Luke summarizes Anna’s encounter with the little family. Unlike Simeon, her direct speech is narrated—yet it is powerful. While Simeon speaks of the larger and later context of the child to the Gentiles and Israel (vv. 30-32), Anna evangelizes immediately and selectively—to those “looking forward to the redemption of Jerusalem” (v. 38). She and Simeon join others in Luke’s gospel in recognizing this child’s great significance and wide import: the angel Gabriel (1:31-33), Elizabeth and John (in uterus) (1:42-45), Zechariah (1:76-79) and the Bethlehem shepherds who also evangelize (2:11-12, 20).
As a prophetess, Anna receives insight into things that normally remain hidden to ordinary people; she recognizes who this child is and tells of his significance to selected people in Jerusalem. Her actions affirm Amos 3:7: “Surely the Sovereign Lord does nothing without revealing his plans to his servants the prophets.”
Luke dwells on Anna’s advanced age with ambiguity. Let’s simply agree with the text: she is ancient! Luke tells us she was married for seven years, then widowed. Her widowhood has either lasted 84 years or she is 84 years old when she crosses the Biblical stage (vv. 36-37). If the former, she could well be 105 years old, the same age as the apocryphal figure Judith when she died (Judith 16:28). Some scholars figure it this way: Anna married at age 14, evidently a common age, was widowed at age 21, and then meets the young family 84 years later at age 105.
I tend to see her as 105 because it is in line with the numerous miracles and unusual occurrences already surrounding the Birth Narrative, including the advanced age of Zechariah and Elizabeth when John was conceived (Luke 1:7, 13, 18, 57), and the Holy Spirit’s action of overshadowing Mary, who was able to conceive without intercourse (Luke 1:31-35). My point is this: age 105 is not out of line with Luke’s narrative replete so far with angelic visitations and miracles—especially when Luke fills in with more details about Anna. In Deuteronomy, Moses prophesies that for the tribe of Asher, Anna’s tribe, “your strength will equal your days” (Deuteronomy 33:25). Surely Anna’s life shows evidence of that.

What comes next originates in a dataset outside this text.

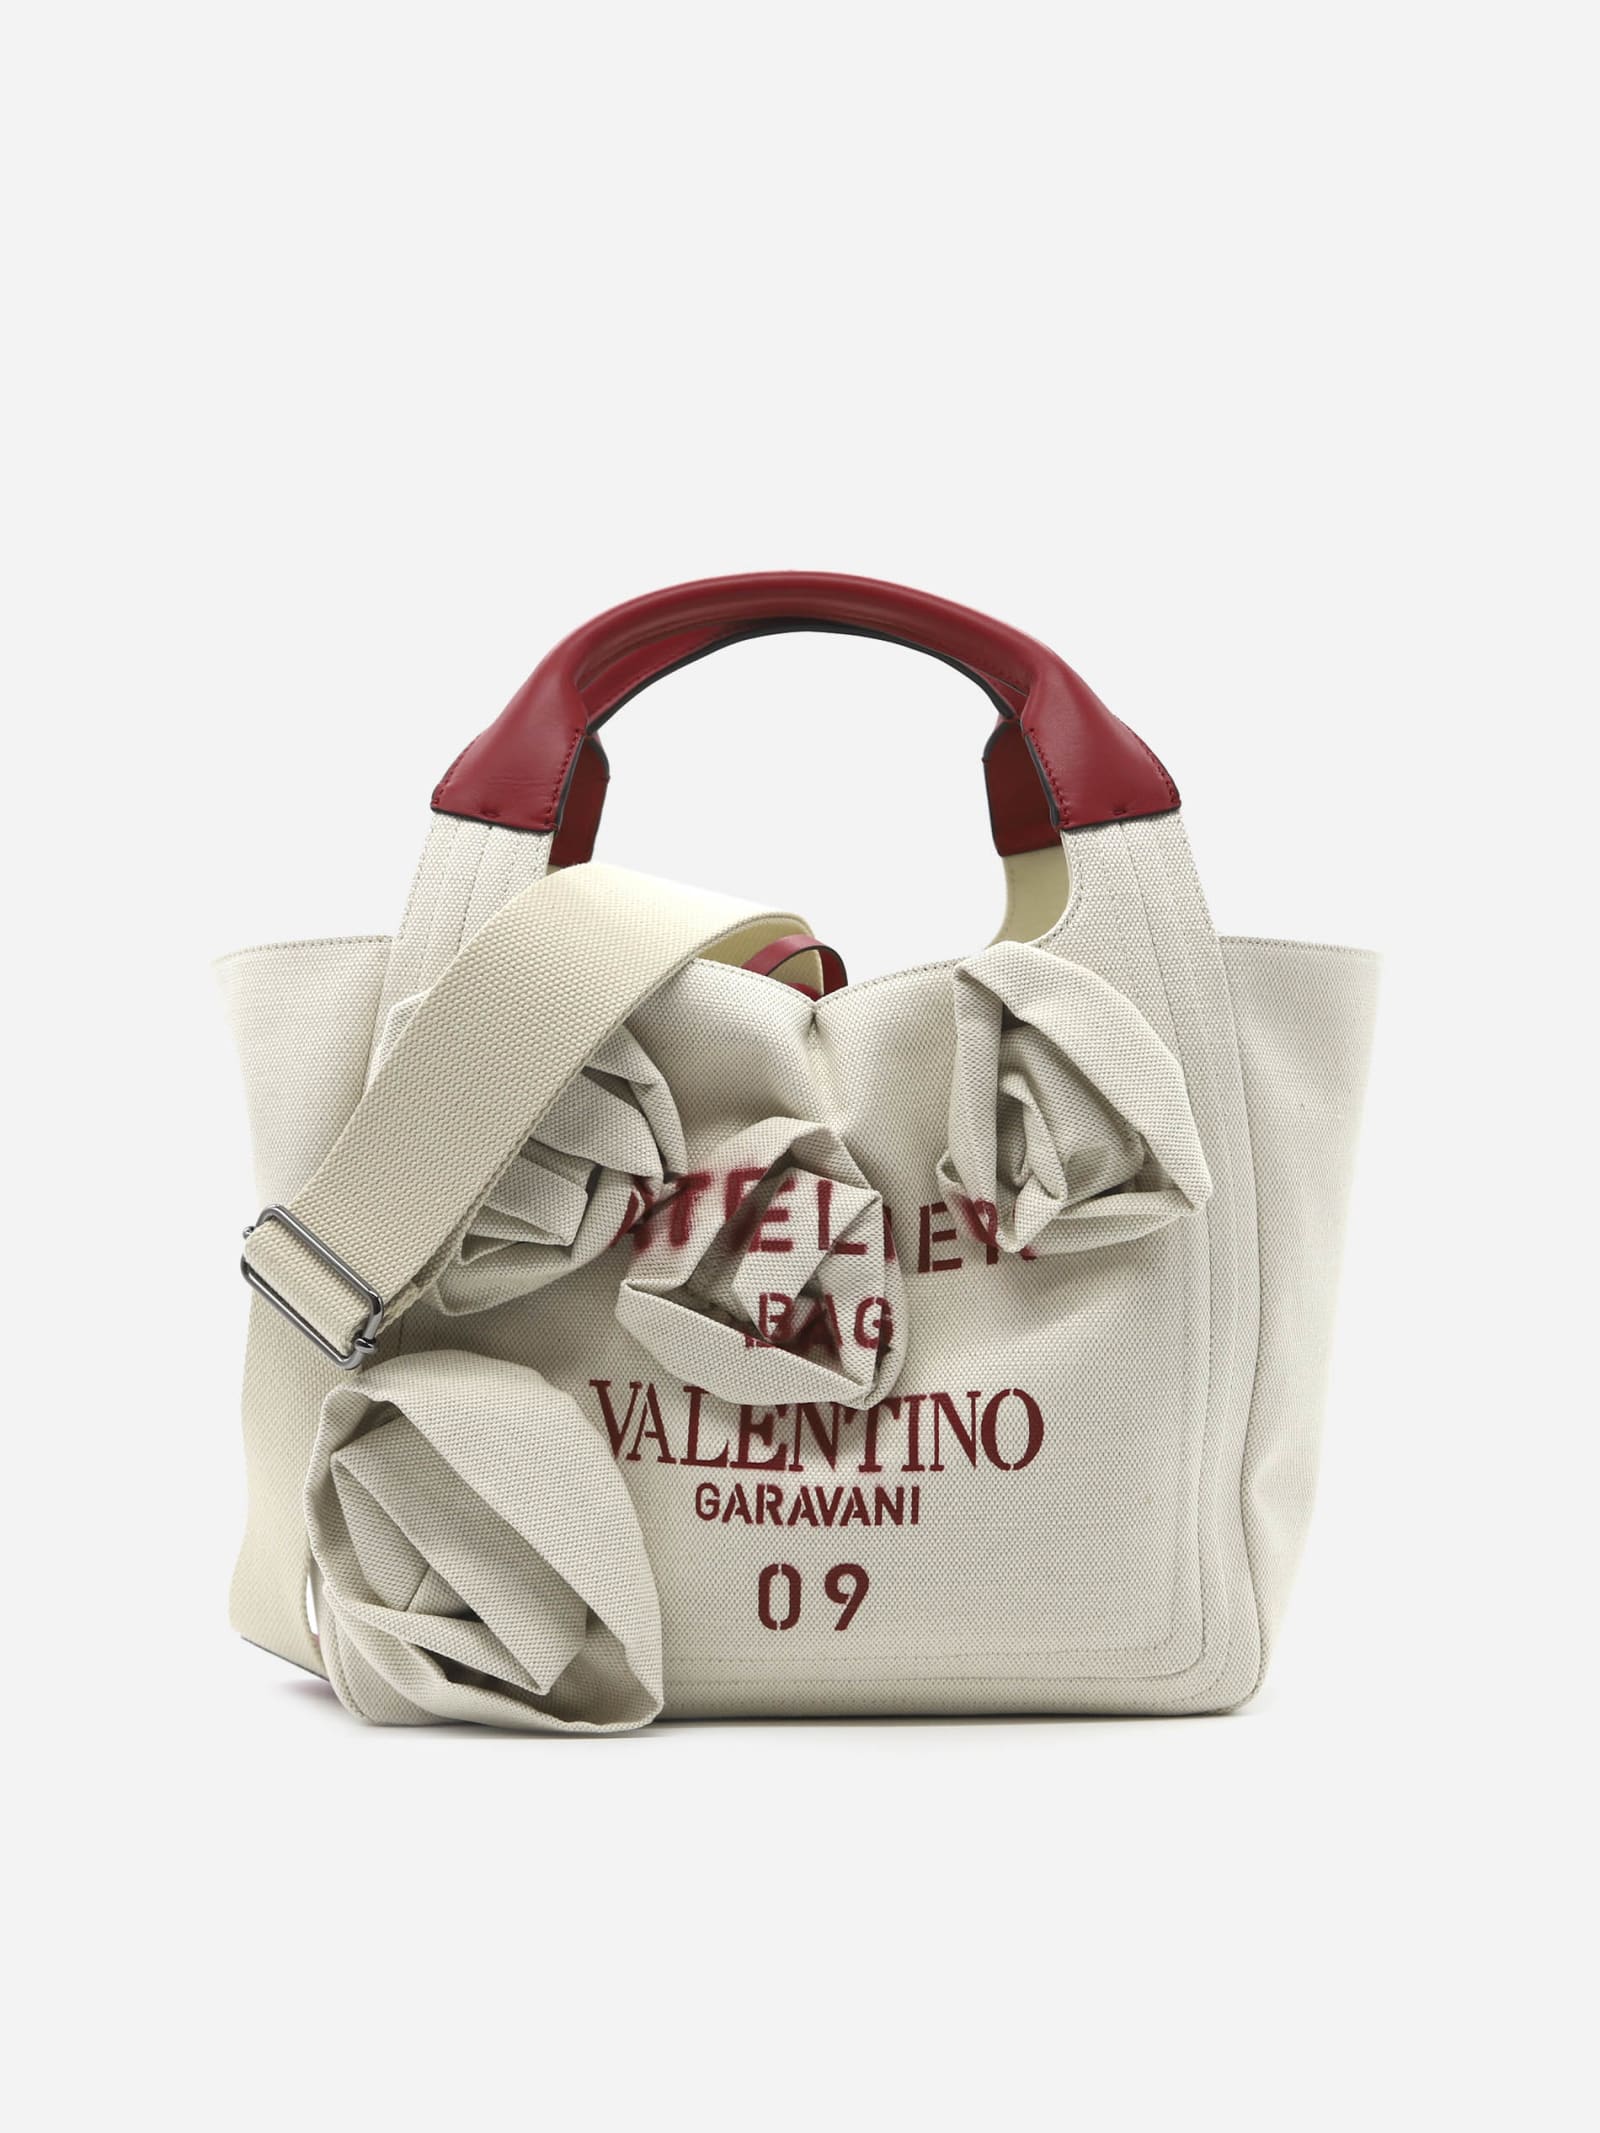 Valentino Garavani Atelier 09 Blossom Edition Canvas Bag

Luke’s description of her lifestyle may be seen as eccentric today, and quite likely was considered so at the time. She never leaves the Temple (v. 37). She worships night and day, fasting and praying. She is a workaholic, available 24/7. Yet her lifestyle evidently invigorates her, for she is mobile, articulate, alert, spiritually savvy and unselfish.

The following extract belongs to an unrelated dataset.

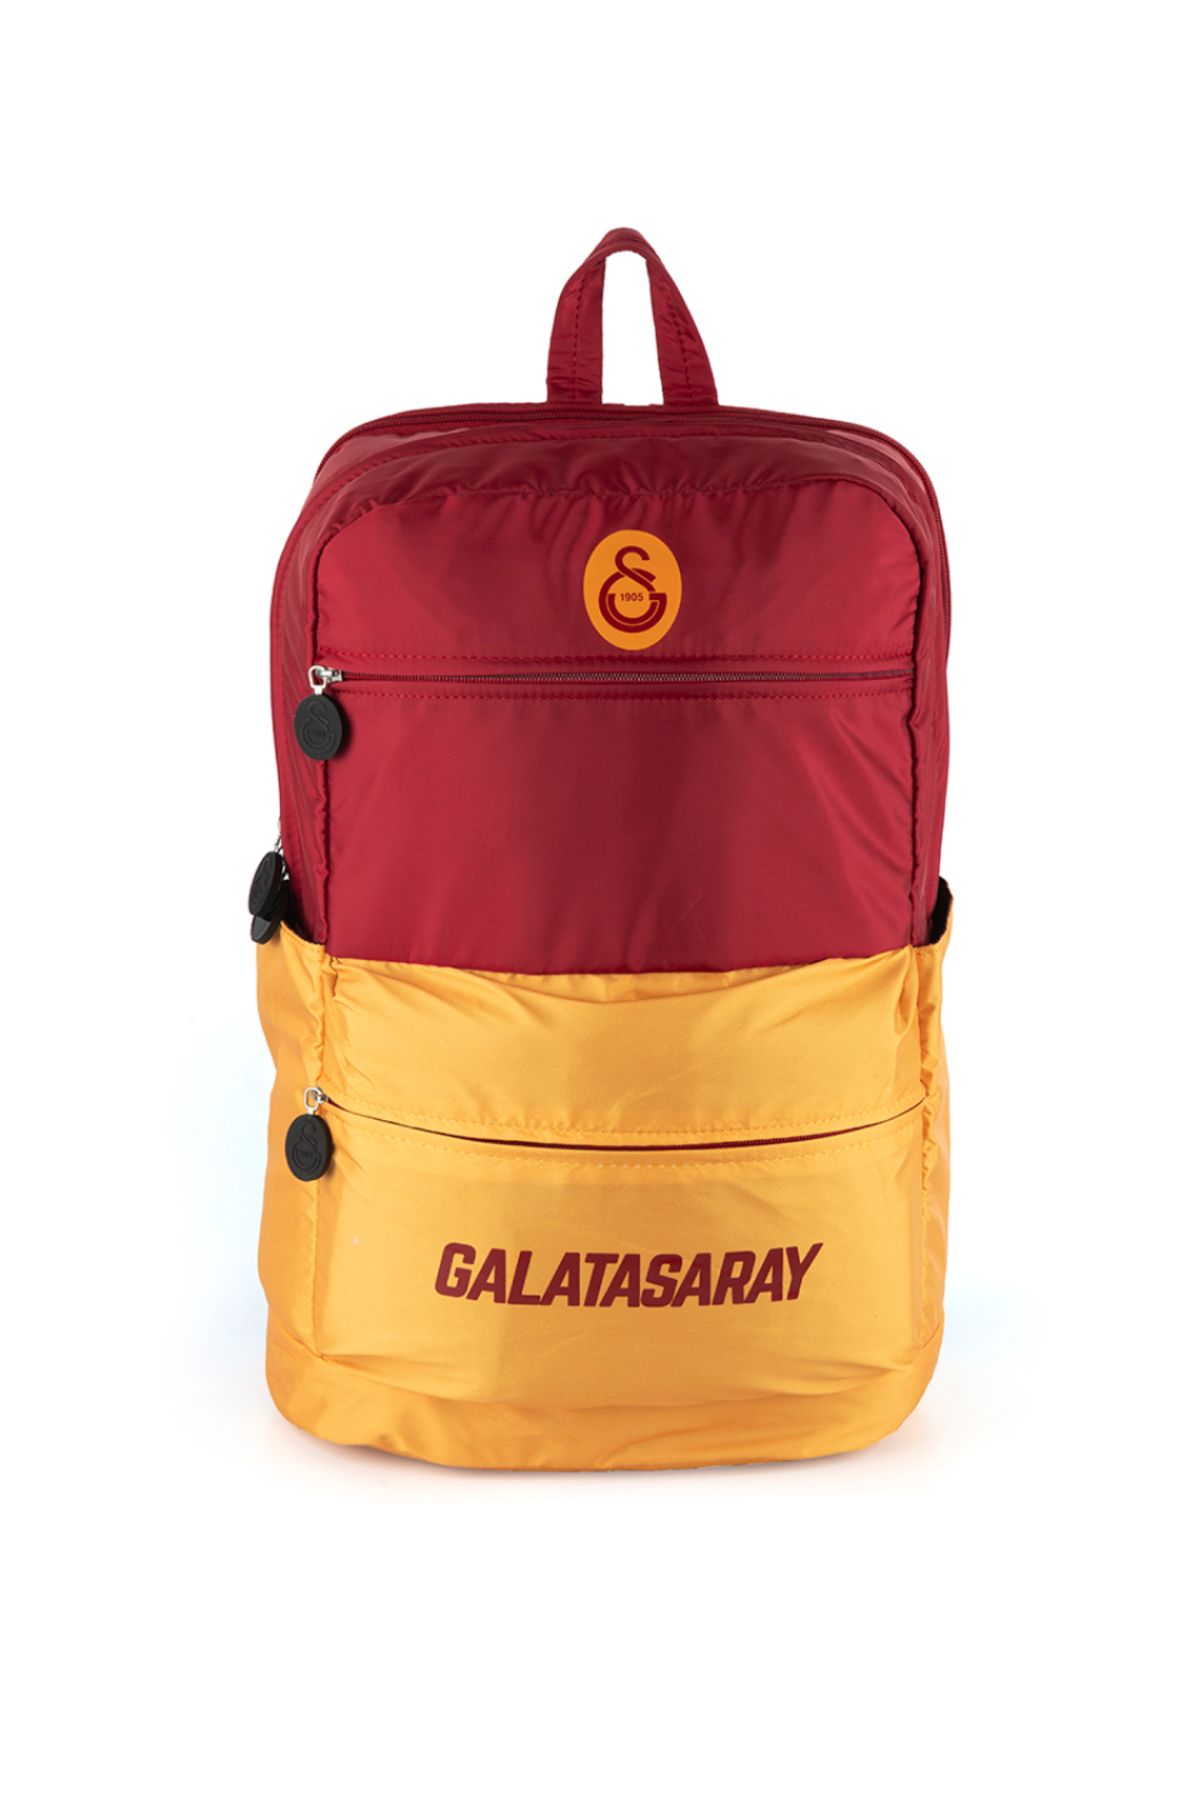 Galatasaray Galatasaray Trend Cepli Paraşüt Sırt Çantası 23532

Who was the first person to truly recognize Jesus as the Messiah and understand the implications? In the article “Mary, Simeon or Anna: Who First Recognized Jesus as Messiah?” Ben Witherington III takes a close look at the account given in Luke, and sheds some light on what the Biblical narrative has to say about who was the first to recognize Jesus as the Messiah.
Luke indicates that her habits of worship, prayer and fasting represent a routine, probably one of decades. Evidently she resides within the Temple or on its premises. A precedent in earlier centuries could have been the presence of Levite musicians and heads of families “who stayed in the rooms of the temple and were exempt from other duties because they were responsible for the work day and night” (1 Chronicles 9:33). So perhaps this behavior was not so unusual during the first century because of the full time work of worship the Levites undertook.

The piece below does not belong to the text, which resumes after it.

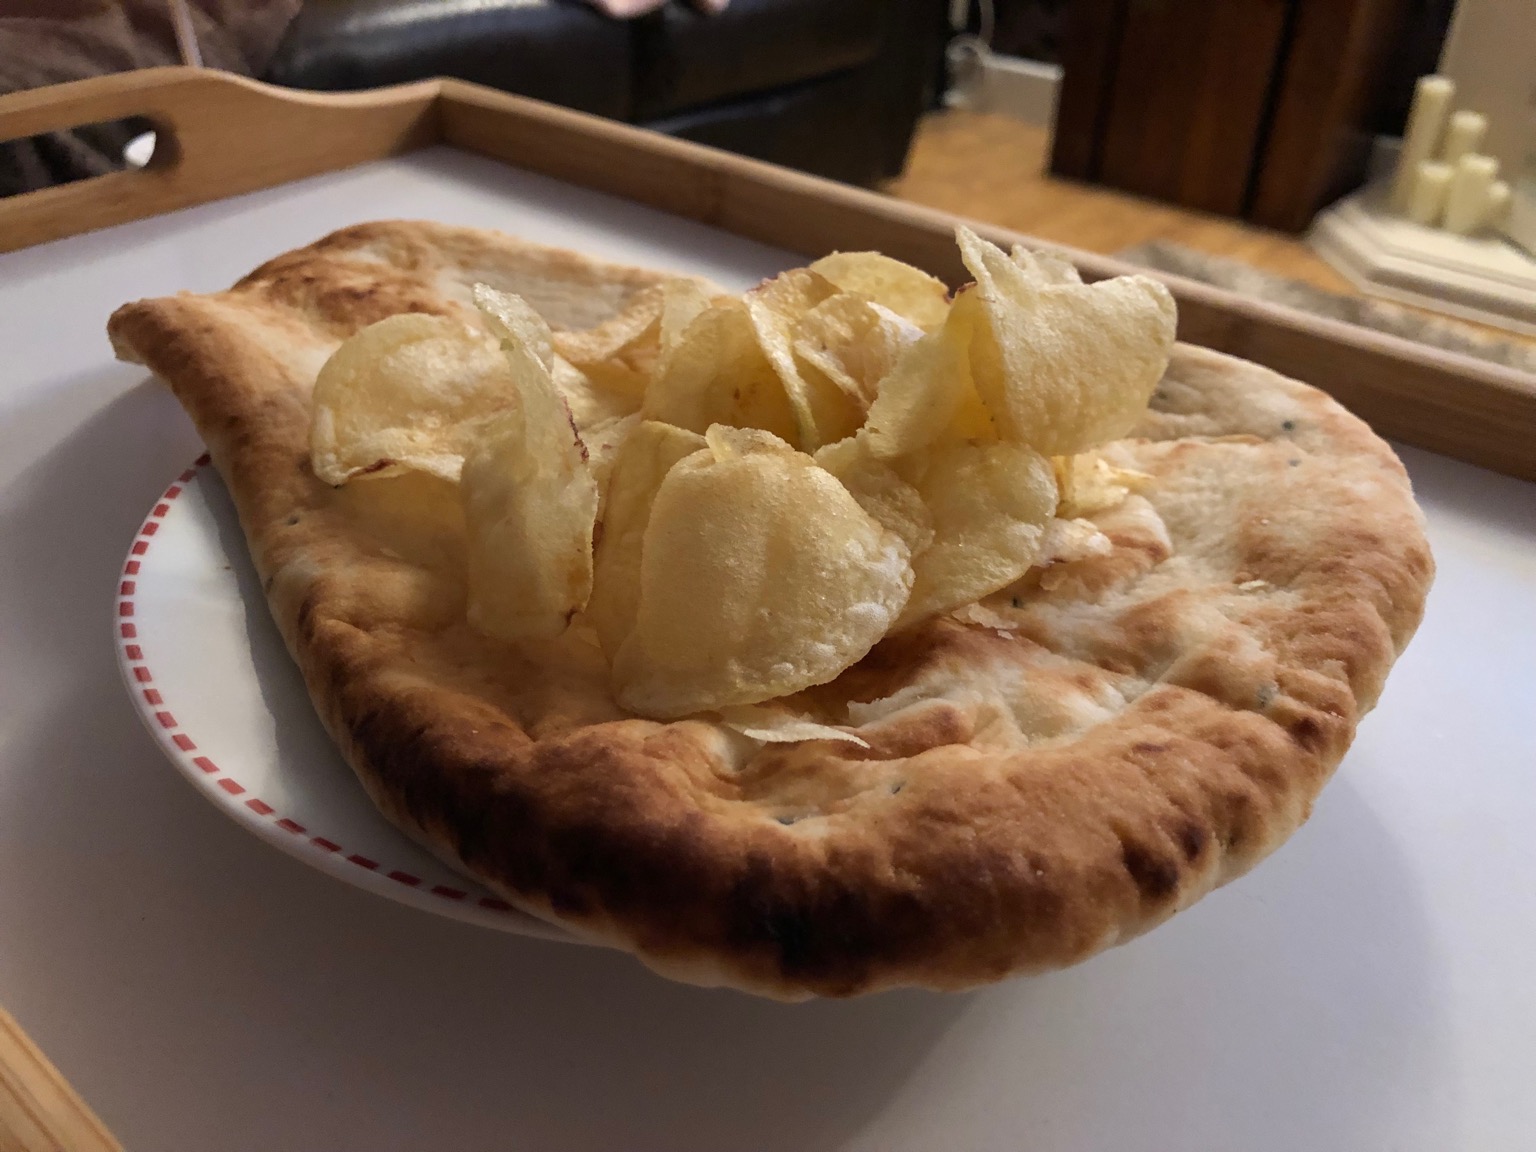 Potato crisps laid on a whole naan bread

Anna, this worship workaholic, sets her own hours, schedule, route and routine. Arguably she listens to God and prays as directed. Others recognize her as a prophetess. The work of prayer indeed characterizes a prophet, for God told Abimelech that Abraham was “a prophet and he will pray for you” (Gen. 20:7). Anna knows fasting brings results. Biblical precedents include Esther’s three-day fast before courageously approaching Xerxes (Est. 4:15-16), and the abstinence of Daniel and his three friends regarding the delicacies of King Nebuchadnezzar’s table (Dan. 1:12).
Let’s consider Luke’s textual silences. Luke omits mention of her family; perhaps she had outlived her children. But if she has living family members, what do they think of her lifestyle? Do they share her devotion to constant worship? What about her finances? Is she independently wealthy, or do others provide her food? What did she look like? These questions remain unanswered, for they do not contribute toward Luke’s themes.
The Biblical text, however, contains clues regarding her appearance and character. Her lifestyle of fasting may indicate thinness; her ability to walk around the Temple indicates her fitness and that her eyesight and hearing are intact; her designation as a prophetess indicates her spiritual acuity; her talk of the child to those interested in the redemption of Jerusalem indicates her deep connection with a likeminded community.
With this in mind, Anna shows one model of aging in the Biblical text. Luke presents her positively, as a woman without the bitterness that may come with age and as one full of hope. As she moves throughout the Temple, no doubt she seeks to do good to those whom she encounters. Luke’s description shows her as well adjusted, engaged in Israel’s life and useful to the Lord. She may well have become the model for the righteous church widows Paul describes in 1 Timothy 5:5. Arguably the best representatives of the Old Covenant—Zechariah, Elizabeth, Simeon, and worship workaholic Anna—although all elderly, all ably serve as transitions to the New Covenant.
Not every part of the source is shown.